The wall’s potency is doubted, but Trump did in fact fix things to the point that it took the election of President Joe Biden to institute a fresh, inhumane, dangerous border crisis.

To start with, Biden made a move not as foolish as Trump’s dream of a wall, but close. He called for a bill legalizing America’s 11 million (maybe 22 million) illegal immigrants and offering them a path to citizenship. Despite complicating details, this is an invitation for excruciating numbers to come running, and that’s not just me talking, but a student of the subject at the Heritage Foundation.

Biden also tried to put a 100-day stop on Immigration and Customs Enforcement agents initiating the deportation of criminally involved illegal immigrants. A federal judge, caring about law and public safety, said no, and so the Biden team toned it down a bit, saying ICE could act in cases of murder, rape and recent crossings, but not much else.

Significantly, Biden ended Trump’s deal to keep those claiming to be refugees on the Mexican side of the border until judges were available. What he did as an alternative was restart catch and release, a policy setting thousands free with no judicial ruling. That meant they could maybe disappear for good after first invading small Texas cities in no way prepared to deal with them.

Put it all together with other goofs and guess what you get? Just this: a migrant surge that could be a 20-year high with 100,000 last month pouring in, many of them children coming by themselves.

These young ones, some wearing Joe Biden T-shirts, are being placed in detention centers in which, for a period, no reporters were allowed, and surely no photos.

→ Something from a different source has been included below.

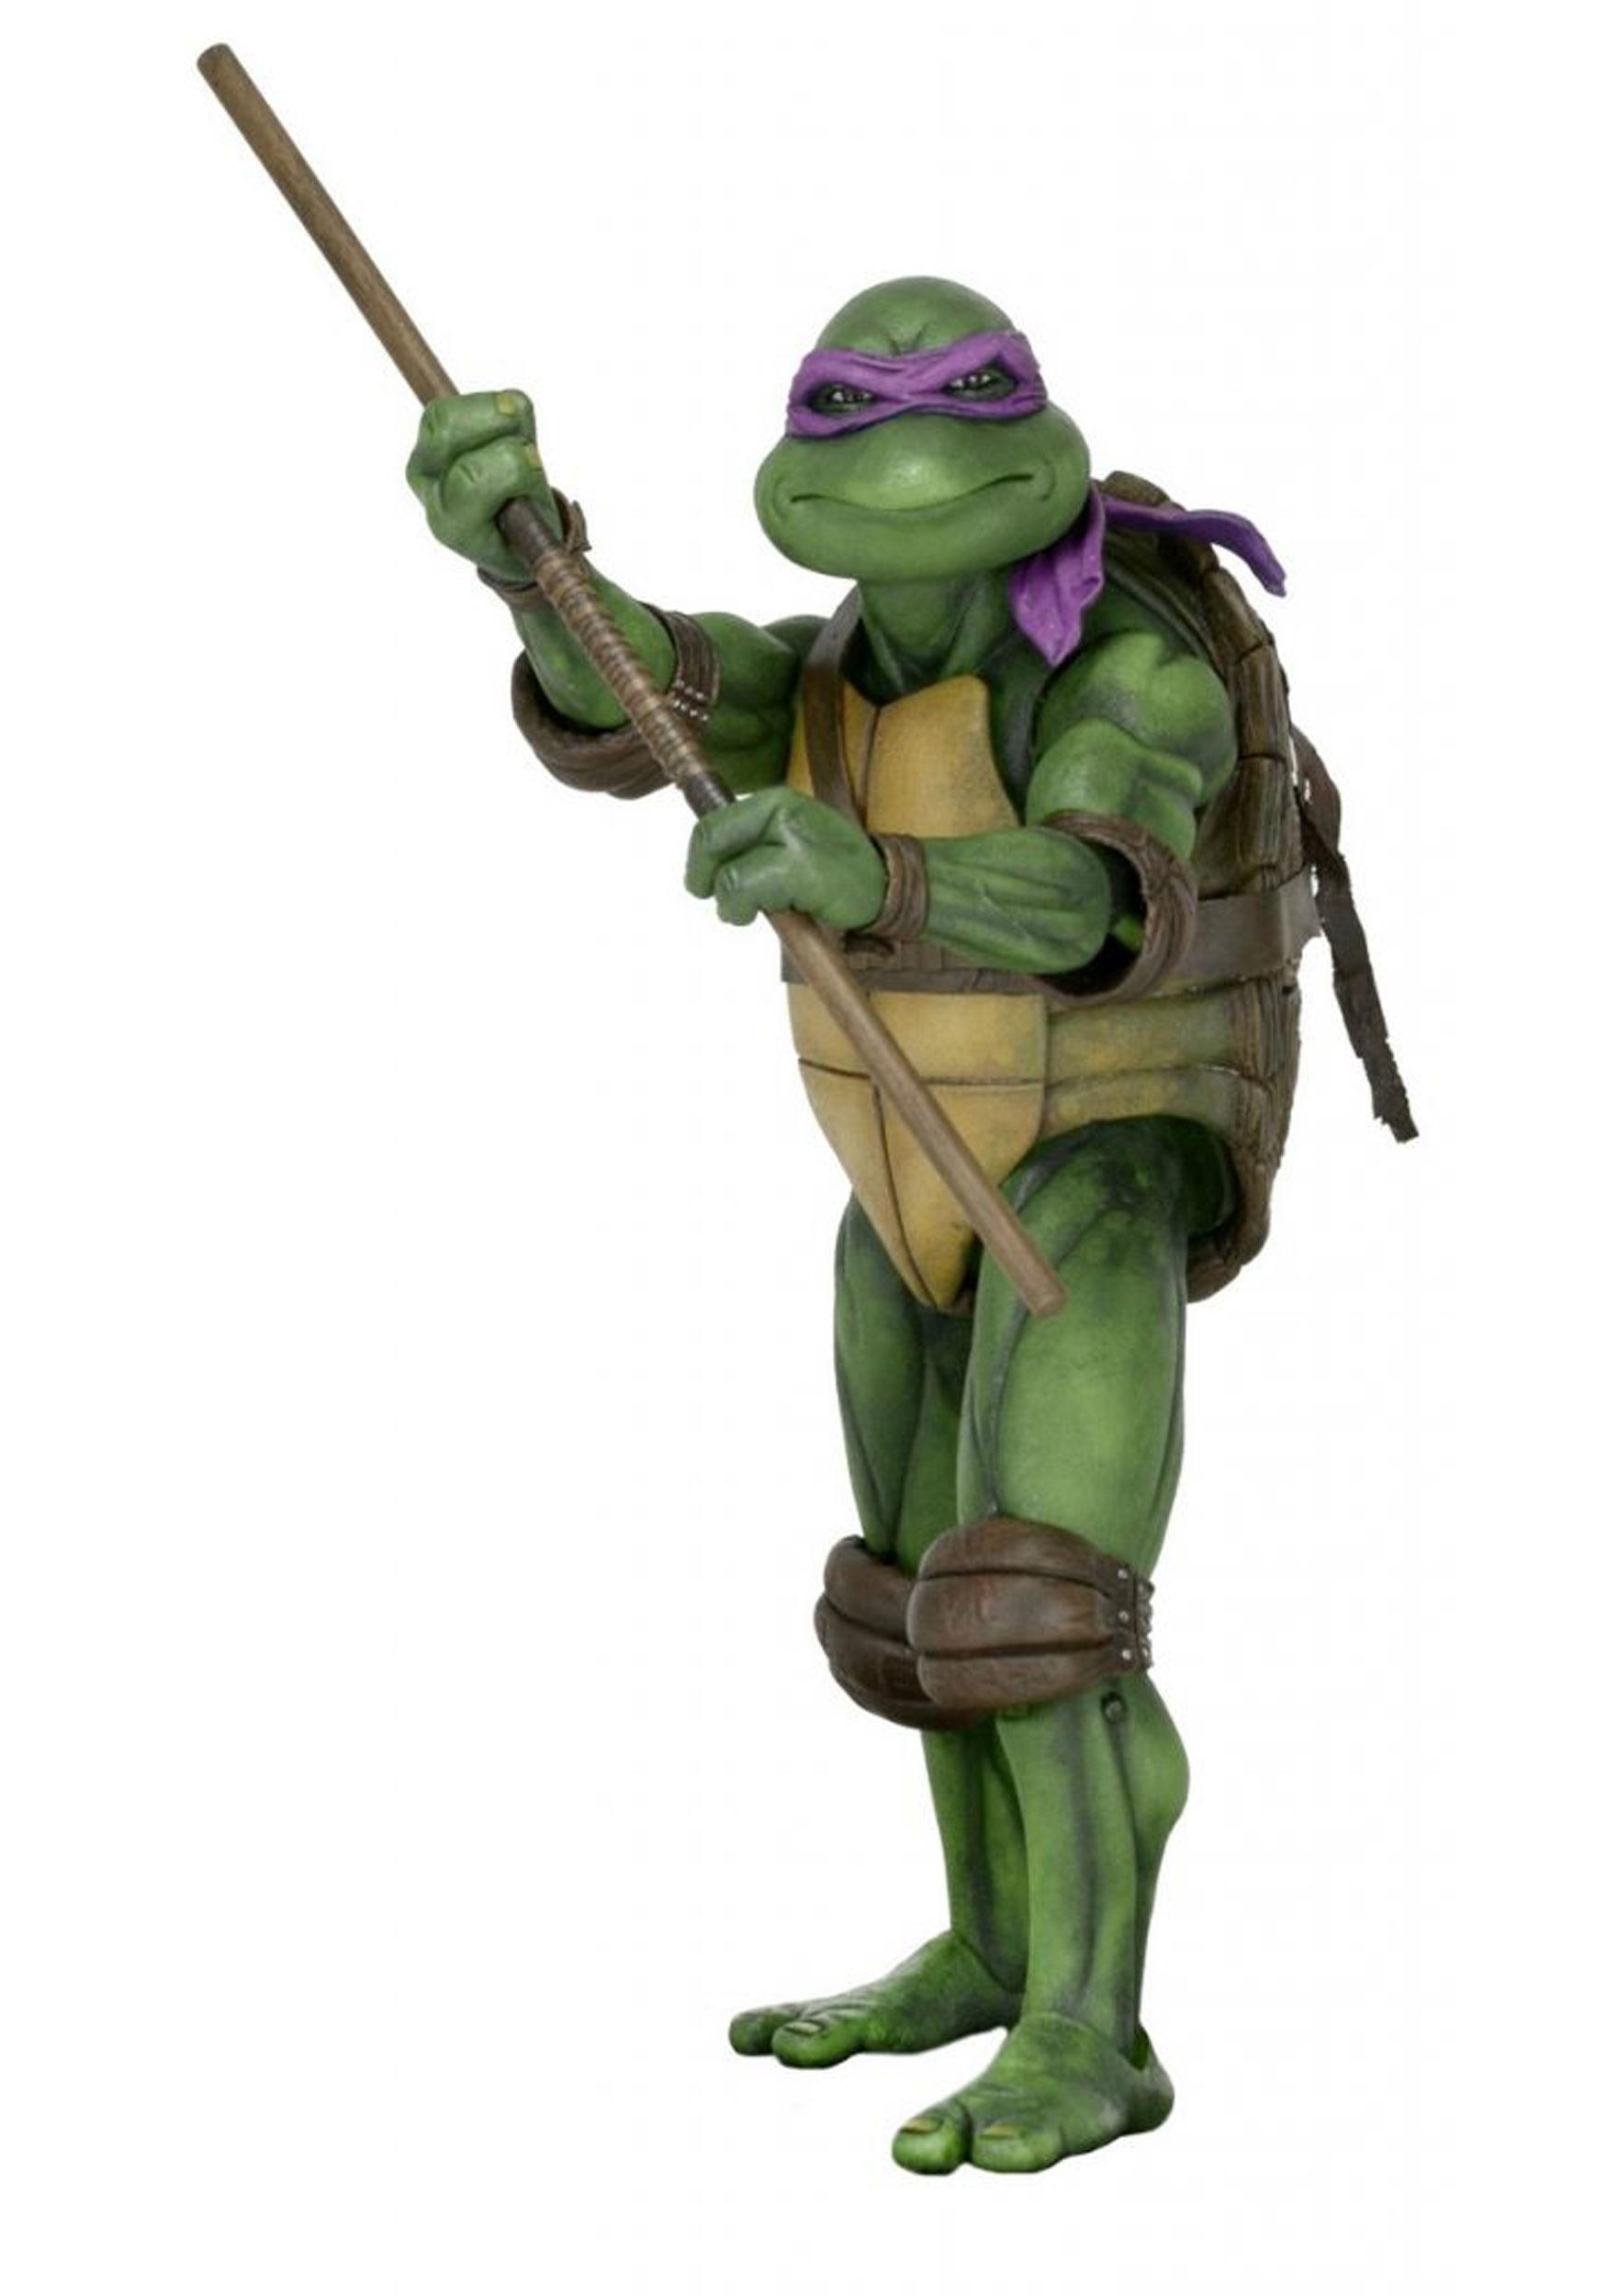 Donatello Teenage Mutant Ninja Turtles Statue

It’s known that resources to take care of them are insufficient, and a recent Associated Press report said 10 percent of immigrant children in a West Texas camp were infected with COVID-19. Border guards have had to quit guarding the border to lend a hand and themselves risk infection.

To get to the border, these victims of supposed compassion mainly trek through the desert, women and girls often raped along the way.

For phenomenal prices, gangsters often serve as guides, some of them toting drugs that will kill vast numbers of Americans and some of them human traffickers.

It’s often assumed that people worried about undocumented immigrants are against immigration generally. I am for legal immigration, though with more emphasis on skills our country badly needs and less on relatives.

We should also take refugees judicially validated in their home countries; no one crosses the border without a passport.

I am for citizenship possibilities for hard-working, long-term illegal immigrants once our borders are adequately protected and we’ve put an end to those illegally overstaying their visas.

Trump, by the way, never got Mexico to pay for any wall, but he did get them to invest large sums of money in meticulously guarding their own southern border to prevent marches northward along with harboring refugees.

We need the same kind of cooperation from progressives. They must understand the danger of opening the gates to everyone who wants to come here – some 750 million people according to Gallup polls – and get it that good intentions should be accompanied by realism.